Oscar-winning Chinese musician Tan Dun said at an ongoing arts
festival that he is going to employ "organic music" - produced by
basic natural elements such as water and paper - in his
rock-and-roll production for the 2008 Beijing Olympics.
The music, which is still in the middle of production, will make
use of sounds in the movements of Chinese athletes, such as "sounds
of water splashes by diver Guo Jingjing, ball hits by basketball
player Yao Ming and race-starting of hurdler Liu Xiang", Tan said
at the 9th China Shanghai International Arts Festival that opened
last Thursday.
Tan, winner of the Grammy and Oscar awards for his soundtracks
of Crouching Tiger, Hidden Dragon, had participated in
music production for Beijing's 2008 Olympic Bid Film.
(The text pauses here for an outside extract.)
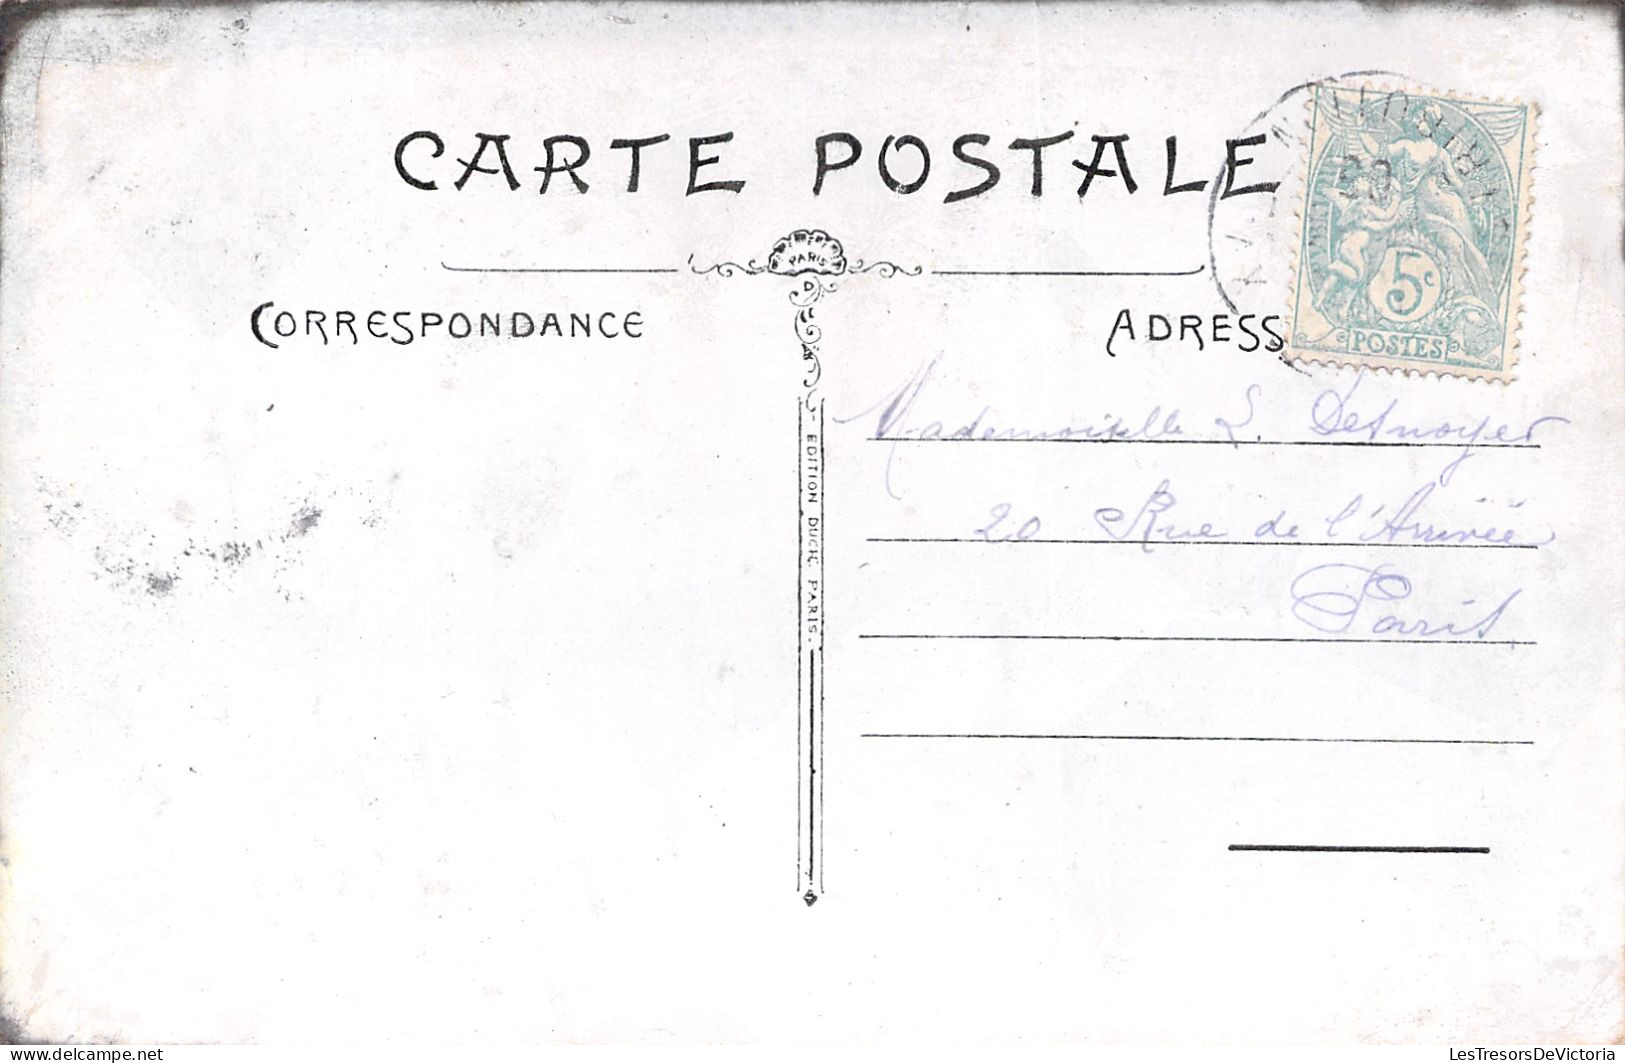 1er AVRIL - Poisson - Poeme Du Poisson D'avril - Carte Postale Ancienne - - Erster April

The native of
central China's Hunan Province is one of the musical planners for
the opening ceremony, award granting ceremonies and a theme song
for the Beijing Olympics.
"I am just one of the Olympic Volunteers who take part in the
Olympic music planning," said Tan.
Tan earlier said his favorite athletes are diver Guo Jingjing,
basketball player Yao Ming and hurdler Liu Xiang, who is world and
Olympic champion in the men's 110m hurdles. Tan said he could
"sense musical tempos in their movements".
"They are natural sounds embodying sports passion, which are
quite touching," said Tan, adding that in his eyes the three are
all musicians because he could "see colors and hear music in their
movement rhythm".
Tan is currently testing his idea of bending these sounds of
movement in rock music. It was said he had put microphones under
the water of Shanghai Swimming Pool to record the sounds created by
divers.
"I often think of the scene around the Liuyang river in my
hometown, people washing clothes in the river and the musicality of
the sounds of water never cease," Tan said, calling water "the
tears of nature".
Tan acknowledged his idea of using water as an instrument
originated from childhood memories. "This is sound from the nature,
which could create different pictures in different hearts," he
said.
At the ongoing arts festival, said to be the largest in China,
Tan staged his "organic concerto of water and paper" created
respectively on commission of the New York Philharmonic and Los
Angeles Philharmonic for the opening of the Walt Disney Concert
Hall.
At the Water Concerto, percussionists drummed the surface of the
water by hand or with glasses in a number of large, clear,
transparent water basins on stage. They also used a range of
instruments such as bowls, tubes, shakers, bottles and bells, which
were immersed in the basins, and rhythmically rocked them to create
"extraordinary sound effects".
Three Japanese percussionists drummed, tore, blew, shook,
crumpled and slapped papers, cardboards, boxes, paper bags and
paper umbrellas on the stage in the Paper Concerto, to show "how
ordinary paper objects from daily life can create sounds of longing
and suffering as well as loving".
Anne-Marie Slaughtee from the United States, who currently
teaches in Shanghai, said after the concert that Tan Dun is able to
introduce oriental culture to the west through a creative
method.
Tan's "organic music" attempt, beginning at the end of the
1980s, incorporates sounds and instruments from the natural world -
water, wind, ceramics and paper - to create a new type of
"experiencing music", which also echoes traditional Chinese culture
of "human life being in a highly harmony with nature".
Hosted by the Ministry of Culture and sponsored by the Shanghai
Municipal Government, the China Shanghai International Arts
Festival, which will run through a month, has become a major
cultural gala and an artistic pageant.